14 In recitals 113 to 123 of the contested decision, the Commission stated that the various undertakings which participated in the cartel had coordinated the allocation of GIS projects worldwide – except for specific markets – according to agreed rules in order to maintain quotas largely reflecting estimated historic market shares. It pointed out that the allocation of GIS projects had been carried out on the basis of a joint ‘Japanese’ quota and a joint ‘European’ quota, which the Japanese and European producers then had to distribute among themselves. An agreement signed in Vienna on 15 April 1988 (‘the GQ Agreement’) established rules allowing the allocation of GIS projects to either Japanese producers or to European producers and to set their value against the corresponding quota. In addition, in recitals 124 to 132 of the contested decision, the Commission stated that the various undertakings which participated in the cartel had entered into an unwritten agreement (‘the common understanding’), under which GIS projects in Japan, on the one hand, and in the countries of European members of the cartel, on the other – together described as the ‘home countries’ for GIS projects – were reserved to Japanese members and European members of the cartel respectively. GIS projects located in the ‘home countries’ were not the subject of information exchanges between the two groups and were not charged to their respective quotas.

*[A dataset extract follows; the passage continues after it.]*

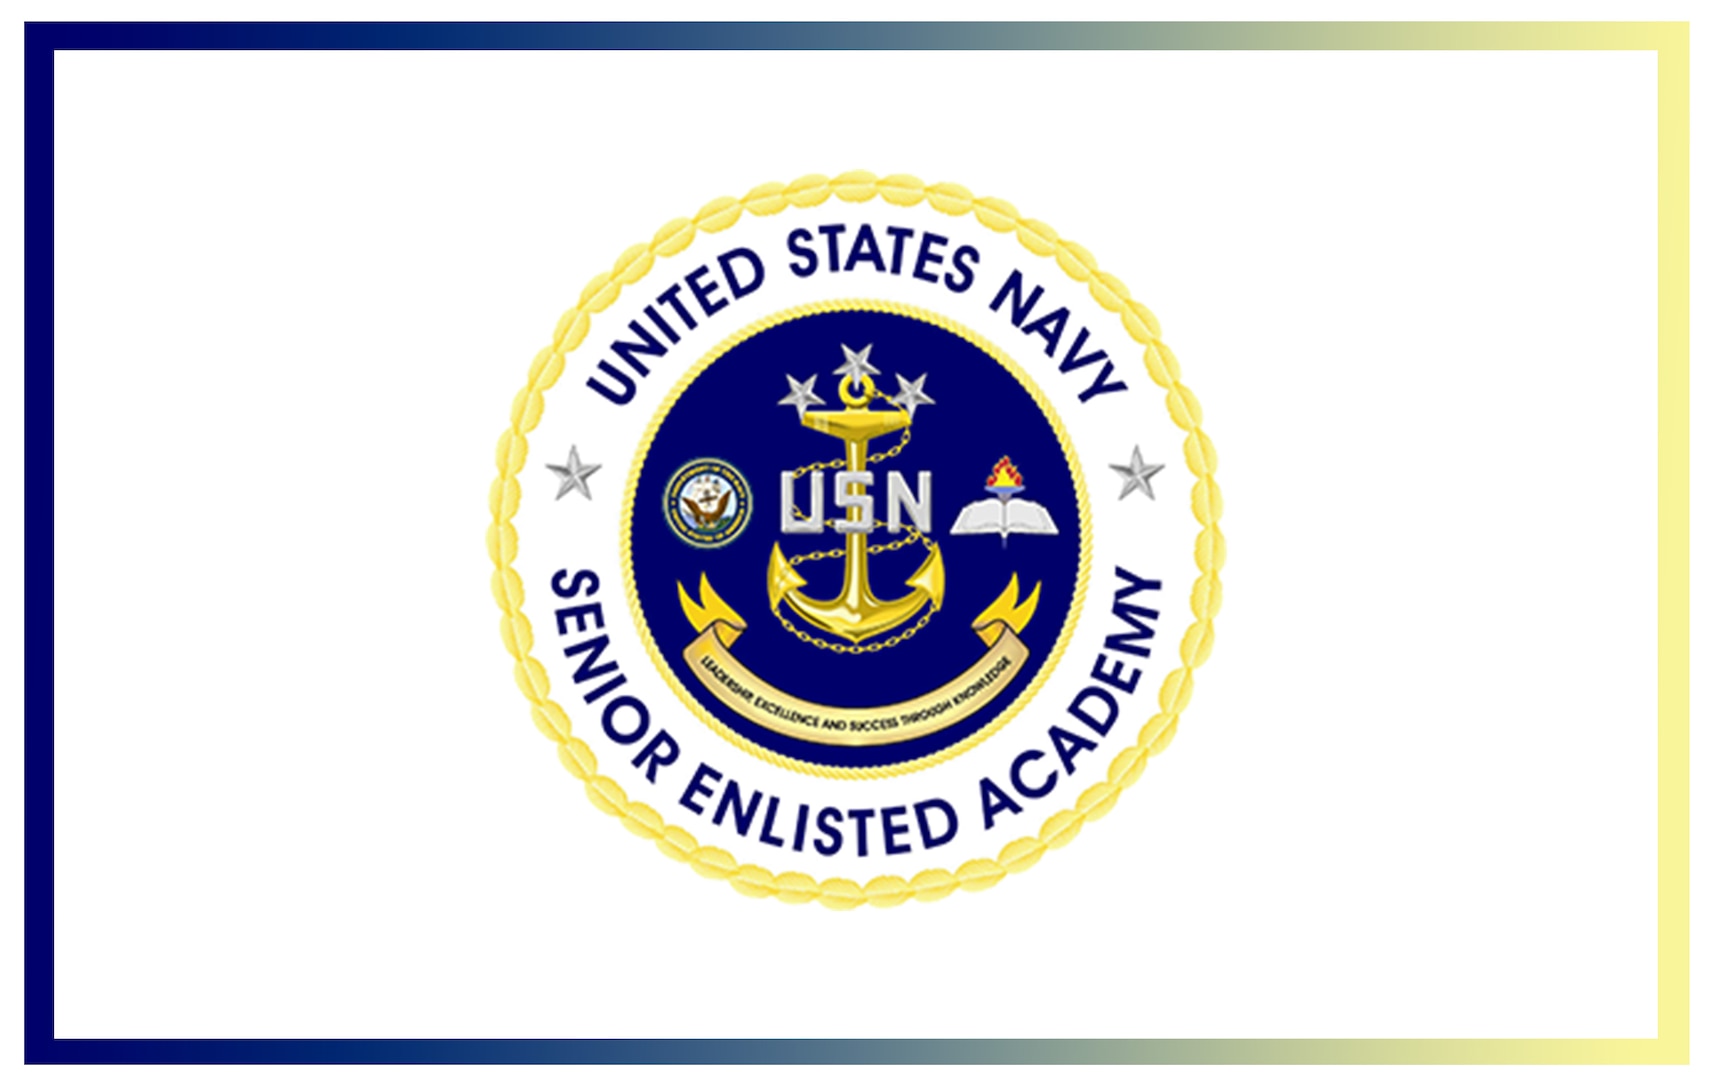 White background with a gold emblem across the center. Inside of the gold emblem are the words "United States Navy Senior Enlisted Academy."
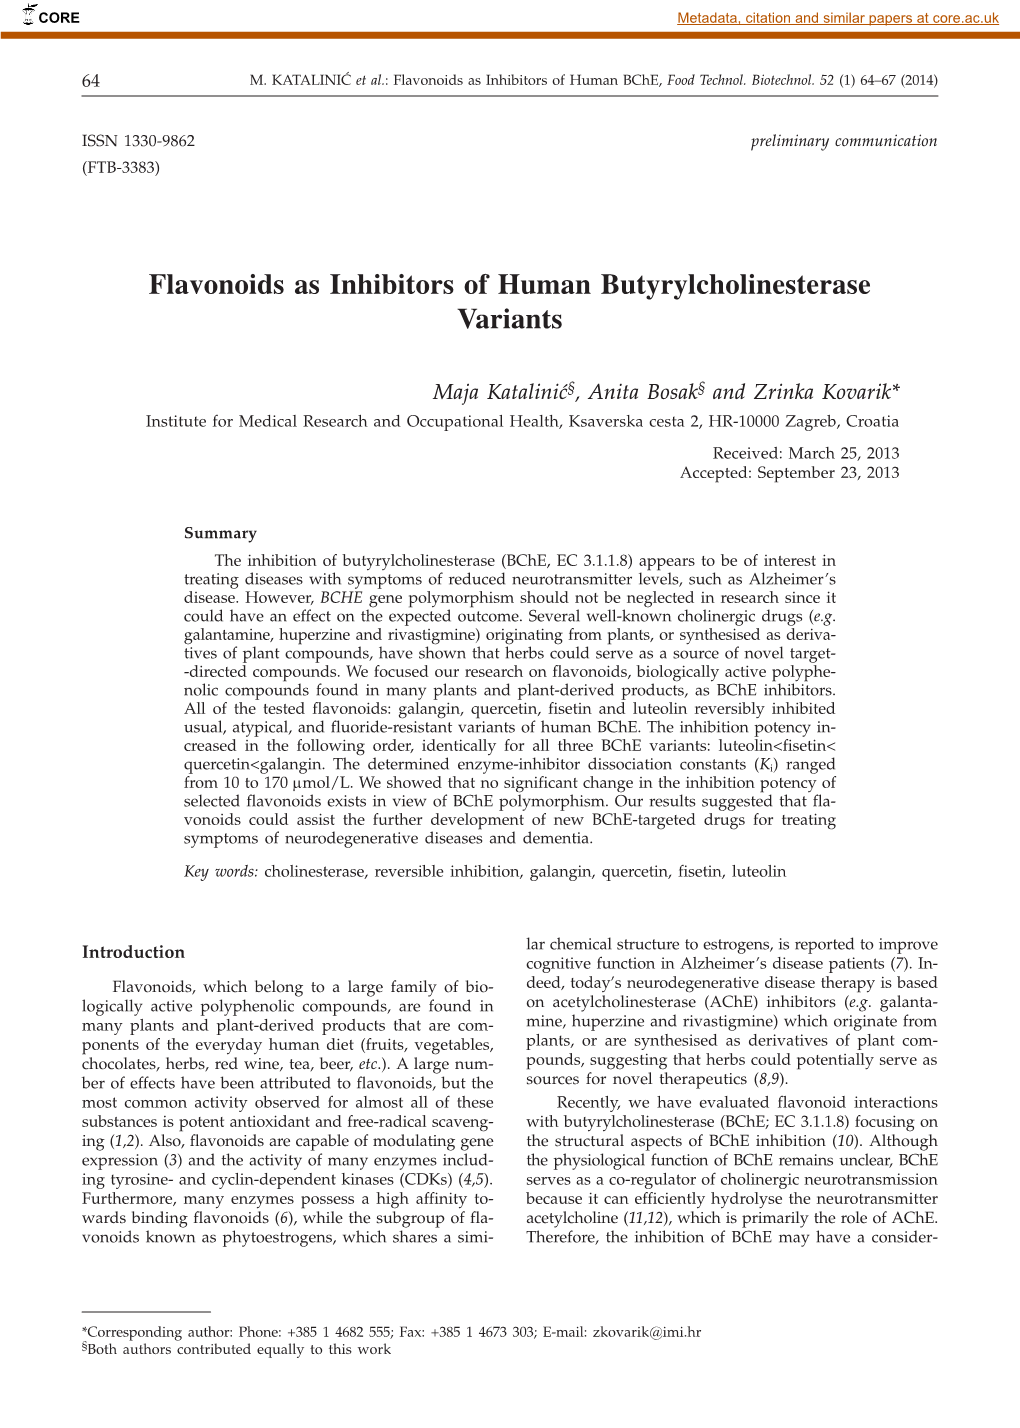 Flavonoids As Inhibitors of Human Butyrylcholinesterase Variants

15 The GQ Agreement also contained rules relating to the exchange of information necessary for operation of the cartel between the two groups of producers, carried out in particular by their respective secretaries, and to the manipulation of the bidding procedures concerned and the fixing of prices for GIS projects which could not be allocated. Under the terms of Annex 2 to the GQ Agreement, the agreement applied worldwide, except in the United States, Canada, Japan and 17 Western European countries. Furthermore, under the common understanding, GIS projects in European countries, other than the ‘home countries’, were also reserved for the European group, as the Japanese producers had undertaken not to submit bids for GIS projects in Europe.

16 According to the Commission, the sharing of GIS projects between the European producers was governed by an agreement also signed in Vienna on 15 April 1988, entitled ‘E-Group Operation Agreement for GQ Agreement’) (‘the EQ Agreement’). It indicated that the distribution of GIS projects in Europe followed the same rules and procedures as those governing the distribution of GIS projects in other countries. In particular, GIS projects in Europe also had to be notified, recorded, allocated, arranged or have received a minimum price.

17 In recital 142 of the contested decision, the Commission stated that, in the GQ and EQ Agreements, and for the purpose of the organisation and good functioning of the cartel, different members of the cartel were identified by a code, consisting of numbers for the European members and letters for the Japanese members. The initial codes were replaced by just numbers from July 2002.

18 In Article 1(p) and (t) of the contested decision, the Commission found that Siemens Österreich and KEG had participated in the infringement from 20 September 1998 to 13 December 2000 and from 1 April 2002 to 11 May 2004.

19 In Article 1(m), (q) and (r) of the contested decision, the Commission found that Reyrolle, SEHV and Magrini had participated in the infringement from 15 April 1988 to 13 December 2000 and from 1 April 2002 to 11 May 2004.

20 In Article 2(1) of the contested decision, in respect of the infringements contained in Article...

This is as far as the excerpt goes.